# [Problem]
Everything from the line containing "Clearance Hex Dumbbells (Unbranded) image" to the final line of the records below should be given again exactly, and nothing else.

Records to process: Begin

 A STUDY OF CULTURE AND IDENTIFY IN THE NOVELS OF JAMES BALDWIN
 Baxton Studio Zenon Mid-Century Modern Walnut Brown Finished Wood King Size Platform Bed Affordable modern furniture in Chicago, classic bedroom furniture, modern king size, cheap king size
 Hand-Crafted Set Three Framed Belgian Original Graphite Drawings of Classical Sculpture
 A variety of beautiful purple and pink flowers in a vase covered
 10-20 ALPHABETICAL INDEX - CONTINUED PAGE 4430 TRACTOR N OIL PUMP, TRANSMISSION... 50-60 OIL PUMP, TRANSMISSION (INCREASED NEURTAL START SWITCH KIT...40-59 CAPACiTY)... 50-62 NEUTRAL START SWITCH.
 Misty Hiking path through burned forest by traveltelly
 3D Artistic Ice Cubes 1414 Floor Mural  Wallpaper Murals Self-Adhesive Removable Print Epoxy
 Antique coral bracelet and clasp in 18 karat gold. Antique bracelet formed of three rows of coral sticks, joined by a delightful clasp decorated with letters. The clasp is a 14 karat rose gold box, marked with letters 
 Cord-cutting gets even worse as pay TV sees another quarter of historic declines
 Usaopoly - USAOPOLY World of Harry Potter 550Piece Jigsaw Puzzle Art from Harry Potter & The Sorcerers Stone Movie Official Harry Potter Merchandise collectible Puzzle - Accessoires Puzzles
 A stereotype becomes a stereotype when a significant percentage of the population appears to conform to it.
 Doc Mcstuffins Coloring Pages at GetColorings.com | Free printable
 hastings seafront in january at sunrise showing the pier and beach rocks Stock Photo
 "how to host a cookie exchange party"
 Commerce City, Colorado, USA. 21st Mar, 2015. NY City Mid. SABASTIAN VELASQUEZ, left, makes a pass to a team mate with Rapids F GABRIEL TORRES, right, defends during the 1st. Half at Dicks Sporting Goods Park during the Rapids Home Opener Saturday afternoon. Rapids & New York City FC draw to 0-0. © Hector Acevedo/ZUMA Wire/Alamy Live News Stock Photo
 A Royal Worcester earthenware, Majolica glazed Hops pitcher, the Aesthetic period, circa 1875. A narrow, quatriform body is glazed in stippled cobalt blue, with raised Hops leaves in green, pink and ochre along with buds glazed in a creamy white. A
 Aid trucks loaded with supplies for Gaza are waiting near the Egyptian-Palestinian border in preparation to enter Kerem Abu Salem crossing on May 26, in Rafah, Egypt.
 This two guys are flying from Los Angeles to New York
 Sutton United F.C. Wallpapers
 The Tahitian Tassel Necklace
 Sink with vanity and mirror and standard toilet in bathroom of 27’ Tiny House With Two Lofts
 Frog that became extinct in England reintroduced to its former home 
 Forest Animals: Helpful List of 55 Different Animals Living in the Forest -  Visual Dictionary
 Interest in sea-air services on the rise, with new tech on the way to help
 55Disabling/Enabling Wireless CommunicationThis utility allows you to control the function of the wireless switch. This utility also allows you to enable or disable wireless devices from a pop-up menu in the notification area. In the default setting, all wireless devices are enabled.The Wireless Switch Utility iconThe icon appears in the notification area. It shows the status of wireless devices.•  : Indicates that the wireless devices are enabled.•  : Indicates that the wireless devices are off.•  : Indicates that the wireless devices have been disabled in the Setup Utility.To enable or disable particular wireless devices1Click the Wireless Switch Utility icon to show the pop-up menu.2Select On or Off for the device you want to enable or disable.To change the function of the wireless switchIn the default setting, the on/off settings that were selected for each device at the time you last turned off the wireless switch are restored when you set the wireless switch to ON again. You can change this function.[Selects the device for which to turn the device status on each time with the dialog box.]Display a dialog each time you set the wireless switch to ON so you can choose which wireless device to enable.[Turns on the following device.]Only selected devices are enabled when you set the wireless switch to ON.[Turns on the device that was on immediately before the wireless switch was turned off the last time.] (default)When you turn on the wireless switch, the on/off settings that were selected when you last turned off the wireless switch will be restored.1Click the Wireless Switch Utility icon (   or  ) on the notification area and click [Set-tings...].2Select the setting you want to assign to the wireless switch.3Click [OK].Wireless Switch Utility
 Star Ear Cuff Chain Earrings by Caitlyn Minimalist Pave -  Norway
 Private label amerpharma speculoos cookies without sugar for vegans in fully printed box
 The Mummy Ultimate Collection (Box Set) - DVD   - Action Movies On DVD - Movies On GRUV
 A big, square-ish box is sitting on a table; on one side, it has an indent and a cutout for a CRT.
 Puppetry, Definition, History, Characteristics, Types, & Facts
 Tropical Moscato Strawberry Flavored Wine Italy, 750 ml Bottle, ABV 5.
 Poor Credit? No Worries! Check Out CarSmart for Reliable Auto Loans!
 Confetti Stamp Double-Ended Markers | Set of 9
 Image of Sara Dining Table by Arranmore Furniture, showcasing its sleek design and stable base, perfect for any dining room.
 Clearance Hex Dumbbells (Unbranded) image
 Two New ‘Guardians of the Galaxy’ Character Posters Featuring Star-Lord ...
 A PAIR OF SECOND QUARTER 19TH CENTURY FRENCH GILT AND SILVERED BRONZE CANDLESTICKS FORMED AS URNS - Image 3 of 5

Records to process: End

# [Final answer]
 Clearance Hex Dumbbells (Unbranded) image
 Two New ‘Guardians of the Galaxy’ Character Posters Featuring Star-Lord ...
 A PAIR OF SECOND QUARTER 19TH CENTURY FRENCH GILT AND SILVERED BRONZE CANDLESTICKS FORMED AS URNS - Image 3 of 5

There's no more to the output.